Der 23. August ist der Internationaler Tag der Erinnerung an Sklavenhandel und dessen Abschaffung. An diesem Tag wird der Opfer von Sklaverei, Kolonialismus und Rassimus gedacht.

Am 23. August 1791 brach in Saint-Domingue auf Haiti ein Sklavenaufstand aus, der aus der französischen Kolonie Saint-Domingue nicht nur den ersten unabhängigen Staat in Lateinamerika machte, sondern auch den ersten Staat der durch ehemalige Sklaven geformt wurde. 

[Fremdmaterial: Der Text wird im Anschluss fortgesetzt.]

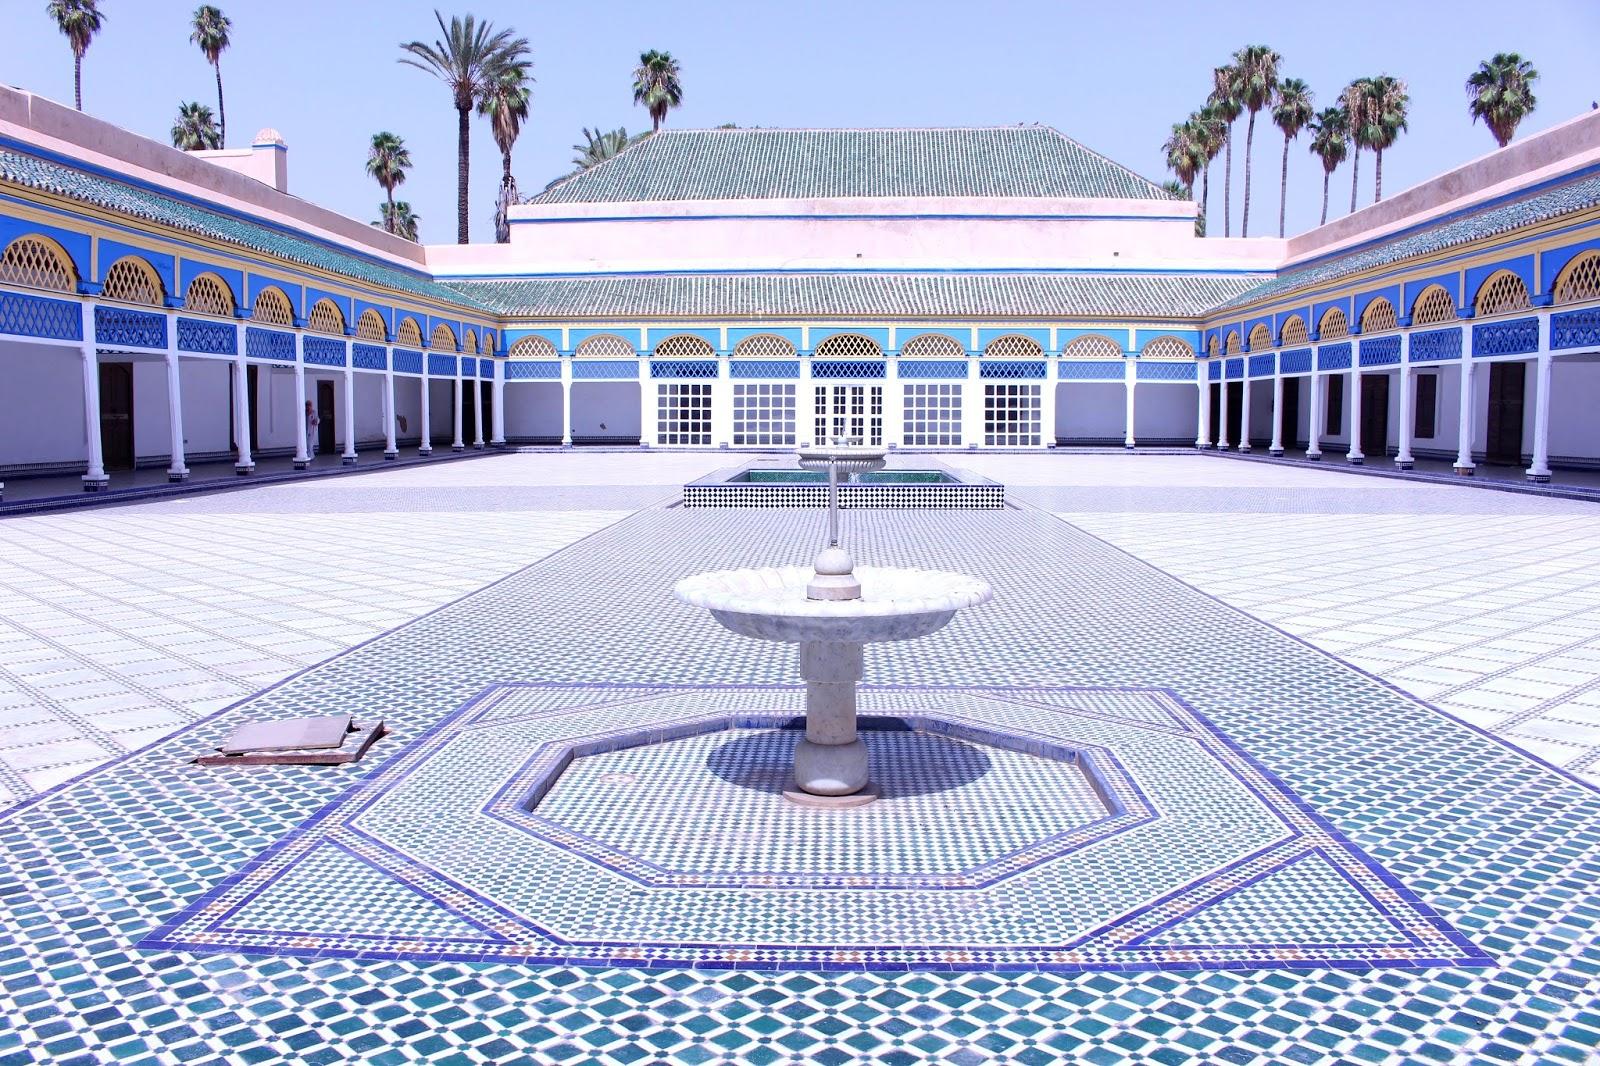 Visite Marrakech

Bereits 1788 organisierten sich die Société des Amis des Noirs, die für die Rechte schwarzer Menschen kämpfte. Ein im März 1791 erlassenes Gesetz, das die Rechte schwarzer Menschen verbessern sollte, wurde jedoch von den weißen Kolonisten und der Verwaltung nicht beachtet. Nach einem fehlgeschlagenen Aufstand der freien Schwarzen begannen die Sklaven einer Plantage sich selbst zu befreien. Am 4. April 1792 erließ die Gesetzgebende Nationalversammlung ein Gesetz, das allen Bewohnern der französischen Kolonien die gleichen Rechte zubilligte, unabhängig von ihrer Hautfarbe. Um dieses Gesetz durchzusetzen schickte die Erste Französische Republik 6.000 Soldaten auf die Insel. Jahre des Bürgerkriegs folgten, in denen auch Spanien und England mitmischten. Erst mit der Unabhängikeitserkläung von Haiti am 1. Januar 1804 endete die Kolnialgeschichte Frankreichs auf der Insel.

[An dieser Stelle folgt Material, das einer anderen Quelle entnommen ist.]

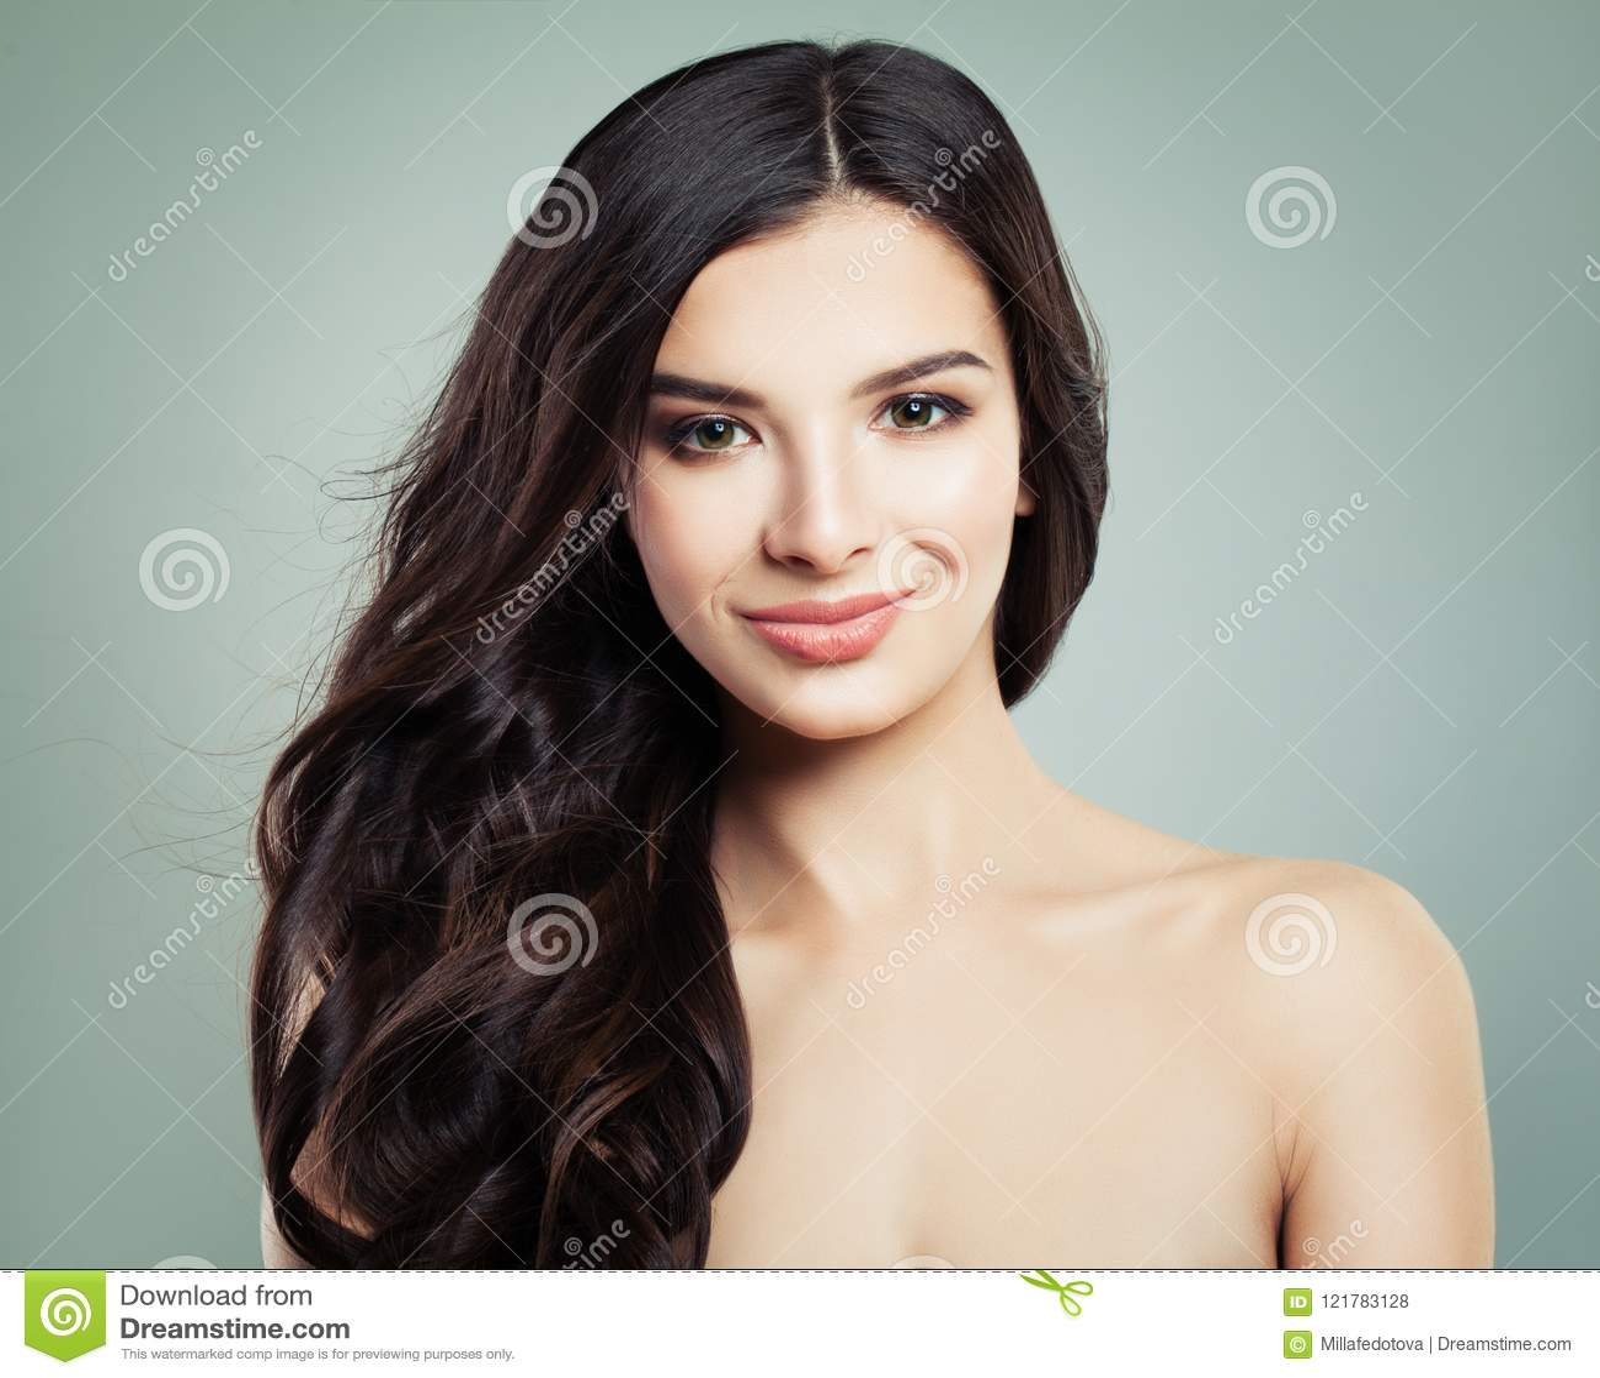 Brunette Hair Woman Smiling. Natural Makeup and Long Hair

1988 erklärte die UNESCO den 23. August zum Internationaler Tag der Erinnerung an Sklavenhandel und dessen Abschaffung. Auch fast 230 Jahre nach dem erfolgreichen Aufstand ist ein sklavereiähnliches Arbeitsverhältnis für viele Menschen auf der Erde nach wie vor bitterer Alltag. Trotz der Allgemeinen Erklärung der Menschenrechte, die Sklaverei verbietet, leben Schätzungen zu Folge 21 Millionen in einem sklavereiähnlichem Zustand.

 

Weitere Informationen:

Internationaler Tag der Erinnerung an Sklavenhandel und dessen Abschaffung [Bundeszentrale politische Bildung]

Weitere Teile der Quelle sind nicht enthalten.